In 2005, Imperial Multimedia took on a kiosk project in Cedar Rapids, Iowa. The New Bohemia Solar Project is a collaboration between Iowa DNR, I-Renew, Alliant Energy, Thorland Company, and the City of Cedar Rapids, with funding provided by the United States Department of Energy. The purpose of this project was not only to provide 7200 watts of solar energy for Cedar Rapids' existing grid, but also to raise awareness and educate the public about the existence and benefits of solar energy.

In 2006 Imperial Multimedia created an idea of getting people more information about a place they are visiting with the use of technology. In 2007, this idea came to fruition as Imperial Multimedia became the first company to install a state-wide system of electronic Information Stations in state parks. The interactive kiosks were installed in 31 of Virginia's State Parks. These Information Stations include a variety of information such as video tours of trails, printable maps, emergency information, park information and interpretive information.

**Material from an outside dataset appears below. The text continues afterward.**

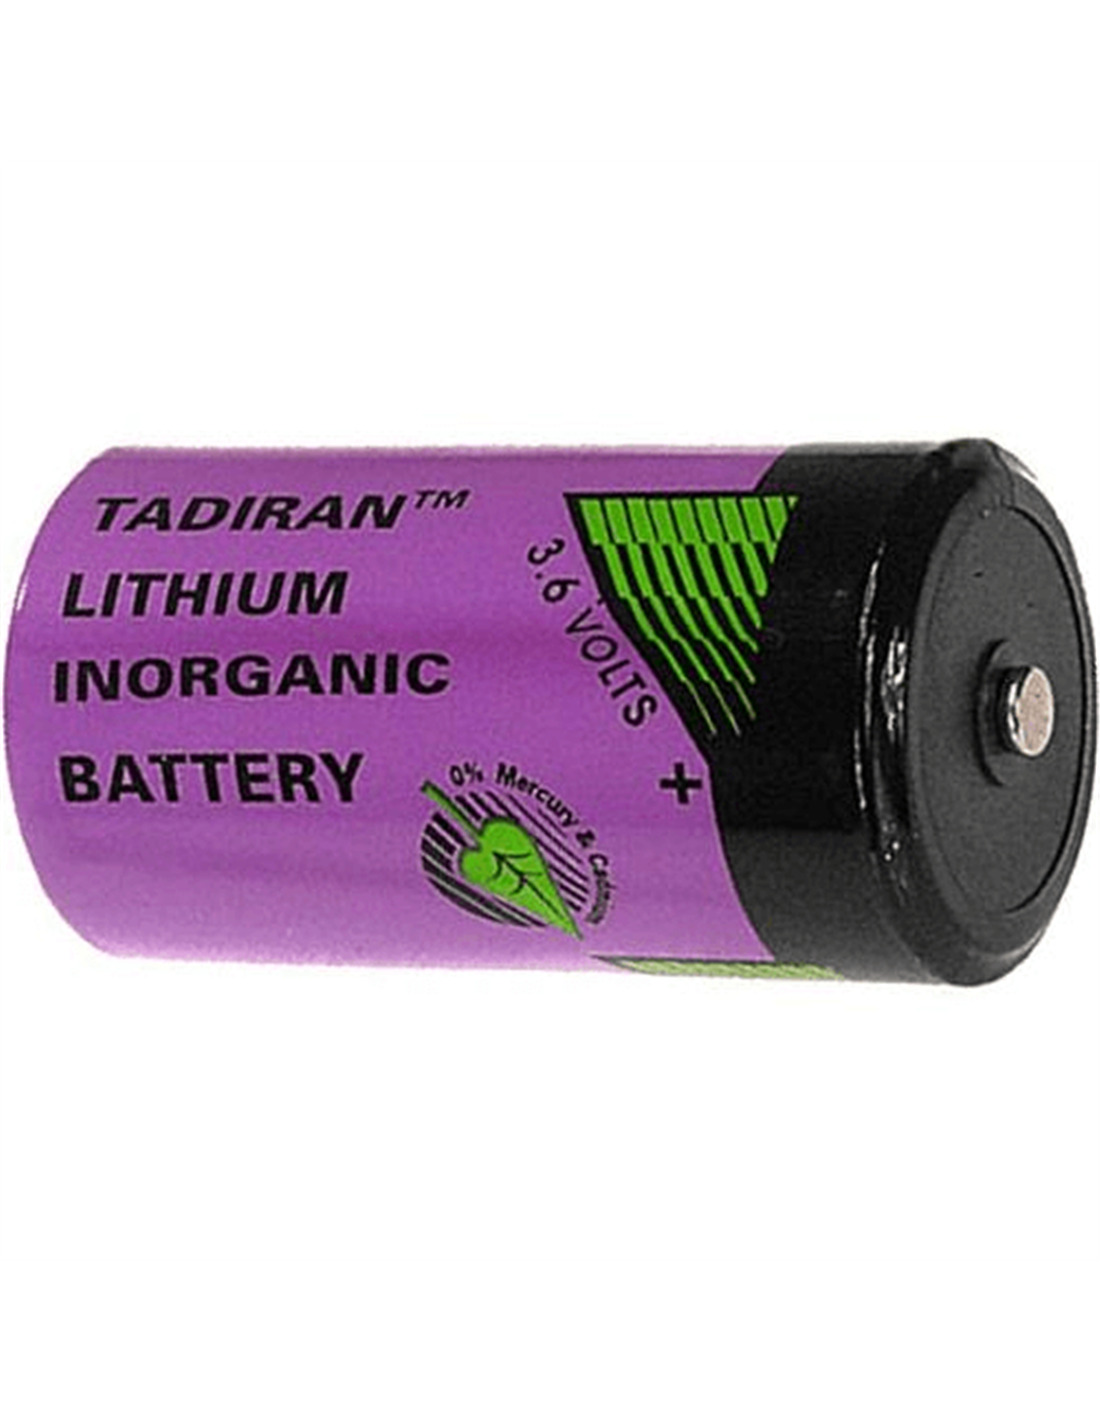 Tadiran TL-4920/S XOL Series 3.6V C Size 8500Mah Lithium Battery replaces ER26500 & LS26500 3.6V - Non Rechargeable

In 2009, Imperial Multimedia developed a kiosk in northern Wisconsin in part of the Chequamegon National Forest that educated people about the local elk population. The electronic information kiosk was created to fit into an existing sign board. The electronic kiosk has in-depth information about elk and the surrounding wildlife.

In the beginning of 2010, Imperial Multimedia became a founding partner for the America's State Parks Alliance. The Alliance expresses advocacy for getting out in nature and making sure that state park visitor's voices are heard.